Hinton has a new Google tech talk “Brains, Sex, and Machine Learning“. I think that if you are into neural nets, you’ve got to watch this video. Here’s the abstract.
Recent advances in machine learning cast new light on two puzzling biological phenomena. Neurons can use the precise time of a spike to communicate a real value very accurately, but it appears that cortical neurons do not do this. Instead they send single, randomly timed spikes. This seems like a clumsy way to perform signal processing, but a recent advance in machine learning shows that sending stochastic spikes actually works better than sending precise real numbers for the kind of signal processing that the brain needs to do. A closely related advance in machine learning provides strong support for a recently proposed theory of the function of sexual reproduction. Sexual reproduction breaks up large sets of co-adapted genes and this seems like a bad way to improve fitness. However, it is a very good way to make organisms robust to changes in their environment because it forces important functions to be achieved redundantly by multiple small sets of genes and some of these sets may still work when the environment changes. For artificial neural networks, complex co-adaptations between learned feature detectors give good performance on training data but not on new test data. Complex co-adaptations can be reduced by randomly omitting each feature detector with a probability of a half for each training case. This random “dropout” makes the network perform worse on the training data but the number of errors on the test data is typically decreased by about 10%. Nitish Srivastava, Alex Krizhevsky, Ilya Sutskever and Ruslan Salakhutdinov have shown that this leads to large improvements in speech recognition and object recognition.
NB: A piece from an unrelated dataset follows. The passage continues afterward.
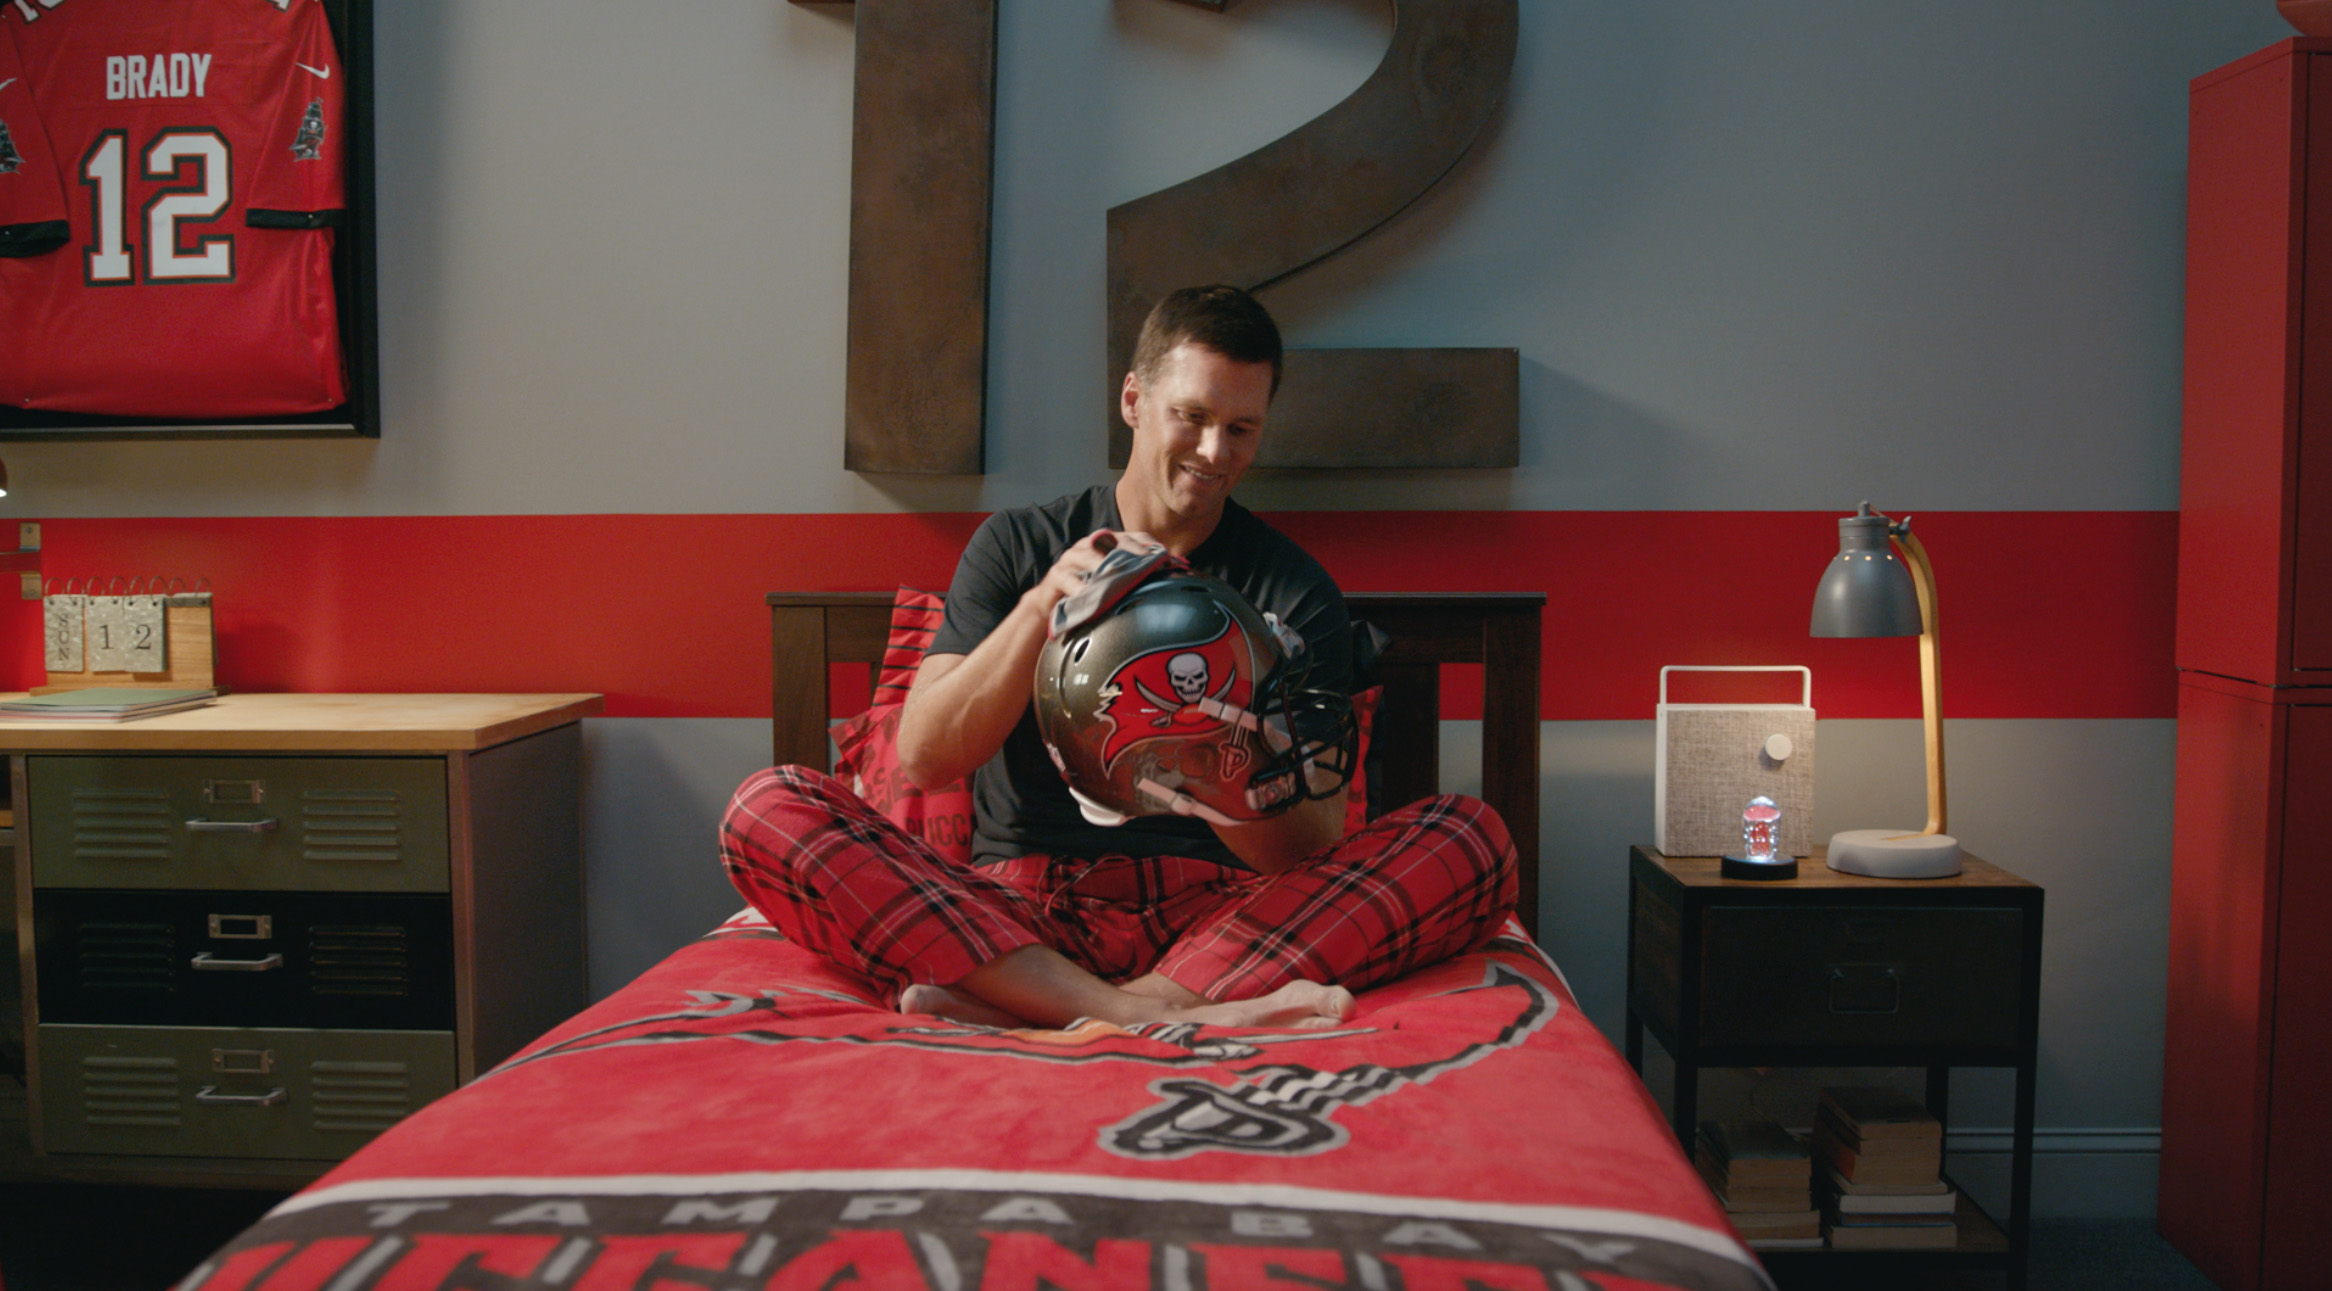 Brady sitting on a bed with football helmet in hand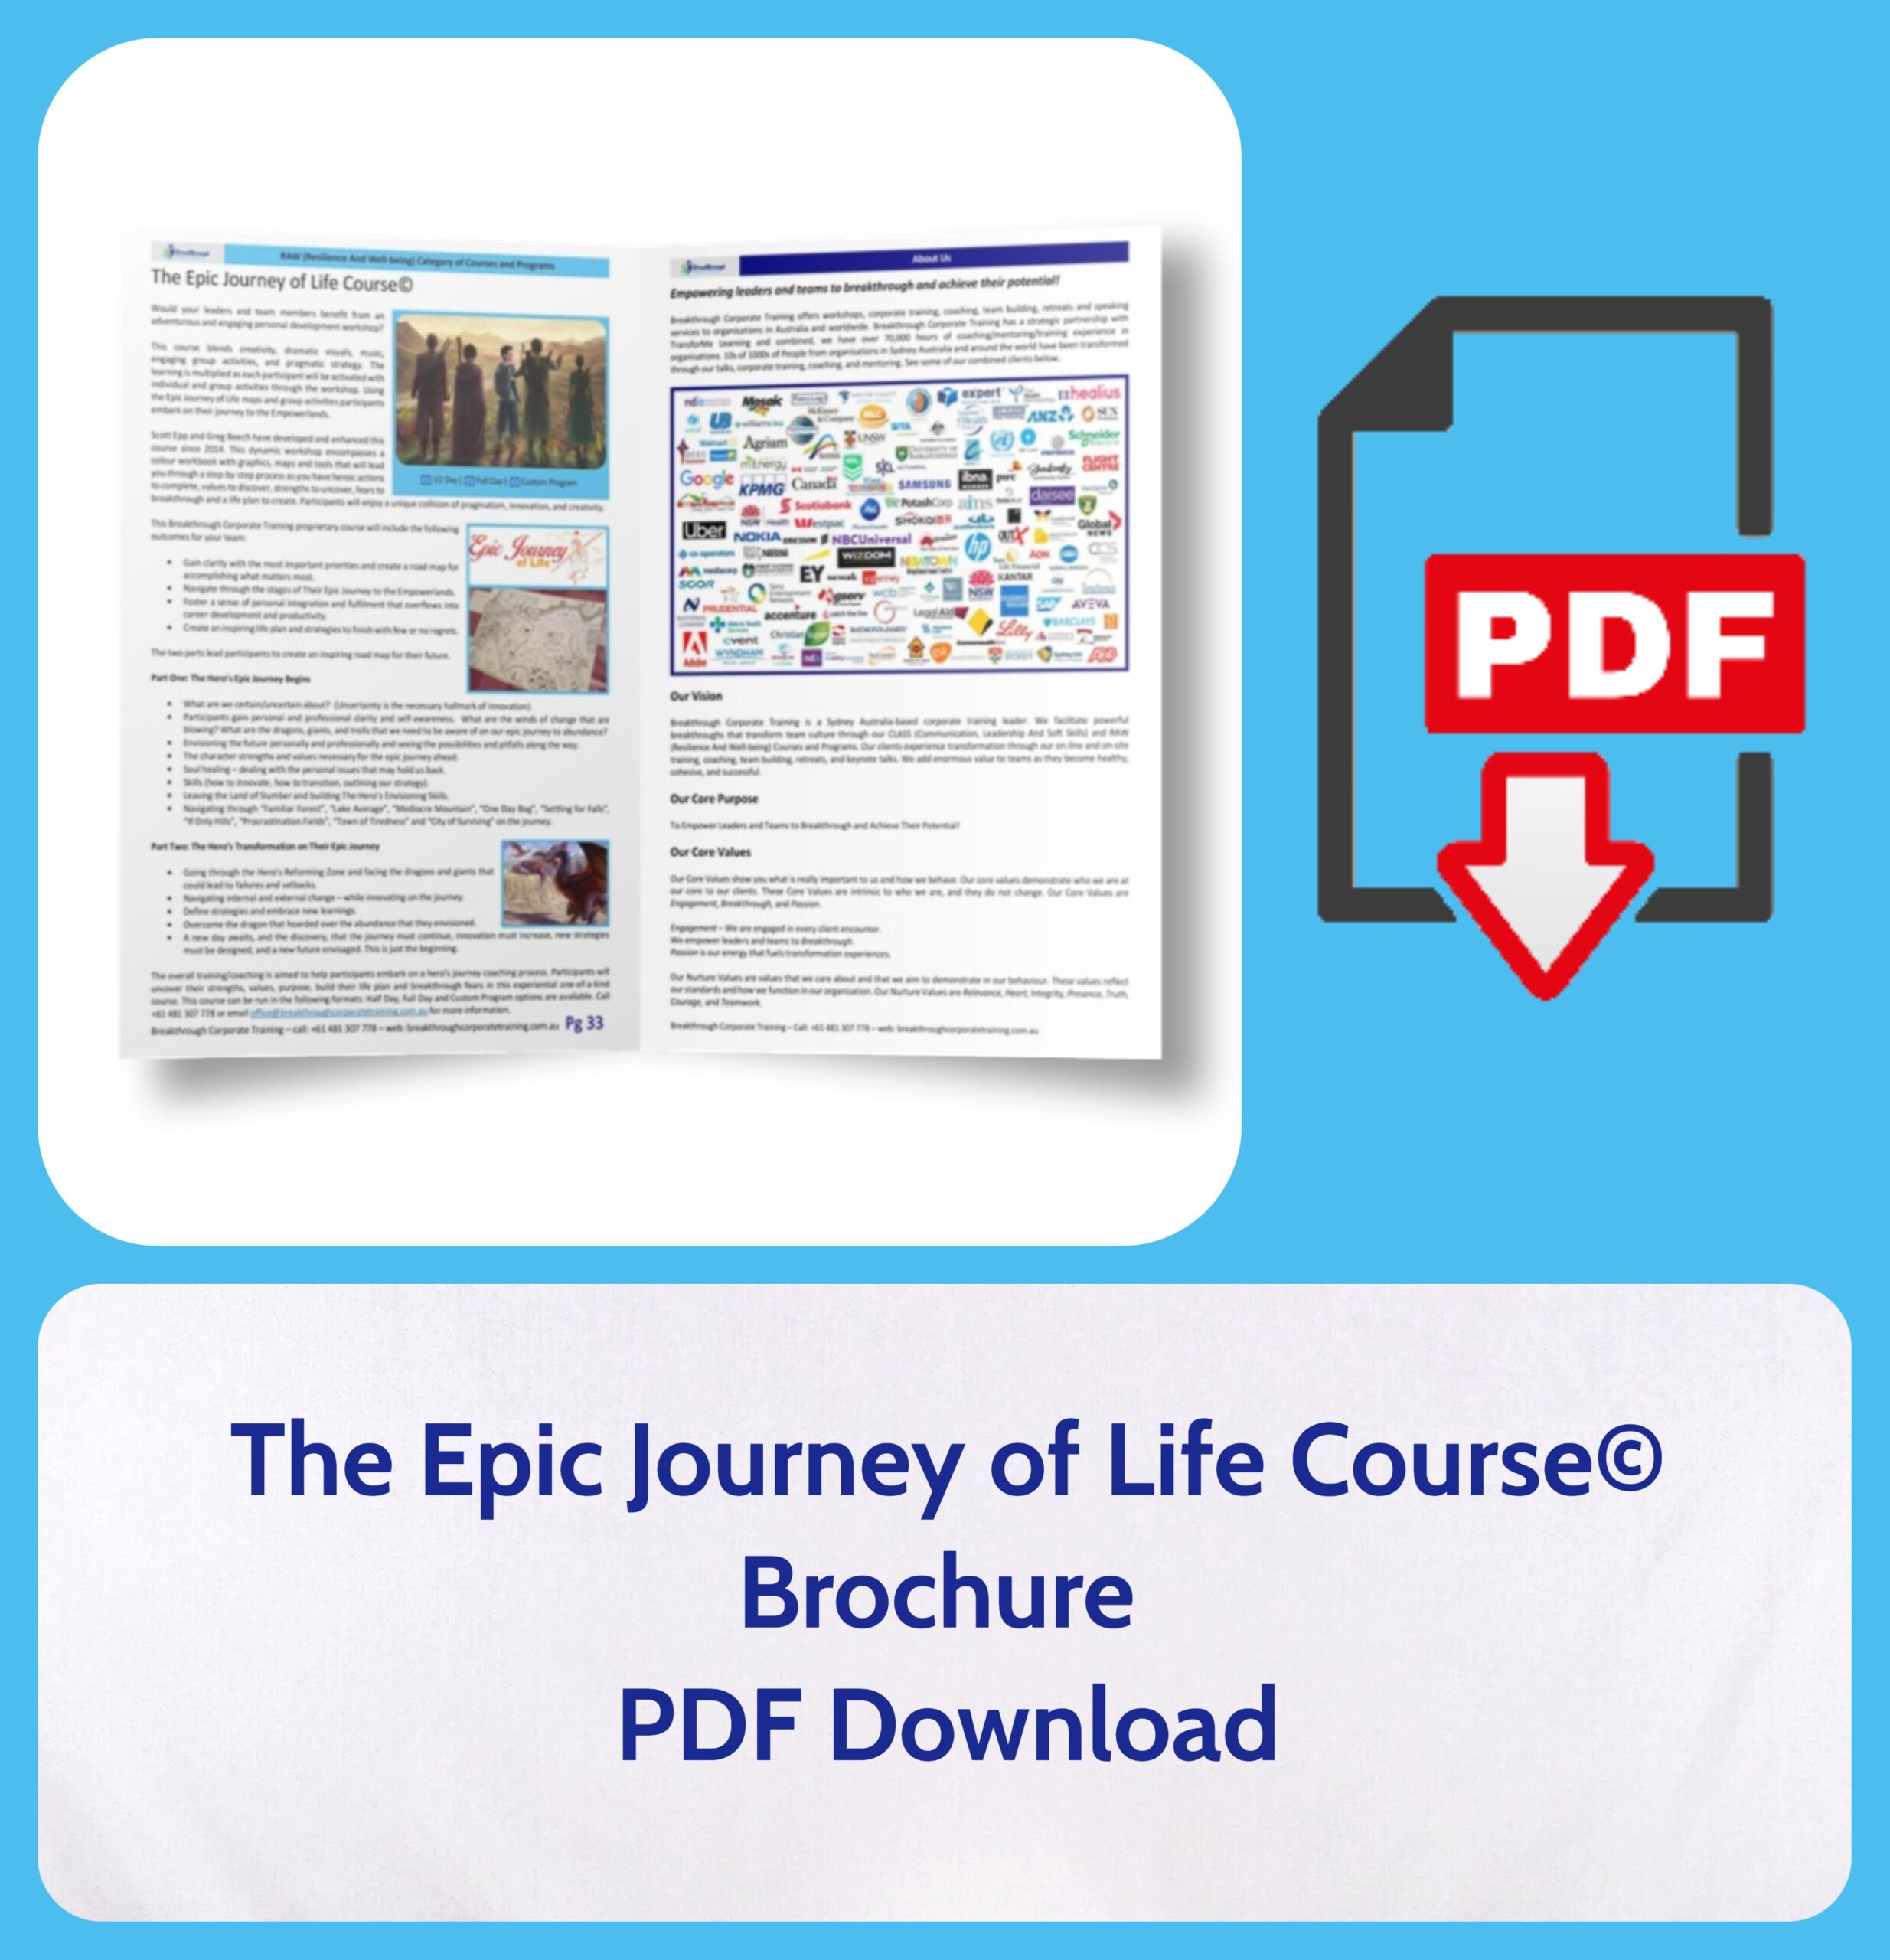 The Epic Journey of Life Course

Hinton has a lot of great ideas in this video including this slide on a massively parallel approach to neural nets.
And this one
And, as mentioned in the abstract, the idea of “dropouts” is very important. (Similar to denoising.)
I wonder if the idea of dropouts can be applied to create more robust Bayesian networks / Probabilistic Graphical Models. Maybe the same effect can be achieved by introducing a bias (regularization) against connections between edges (similar to the idea of sparsity).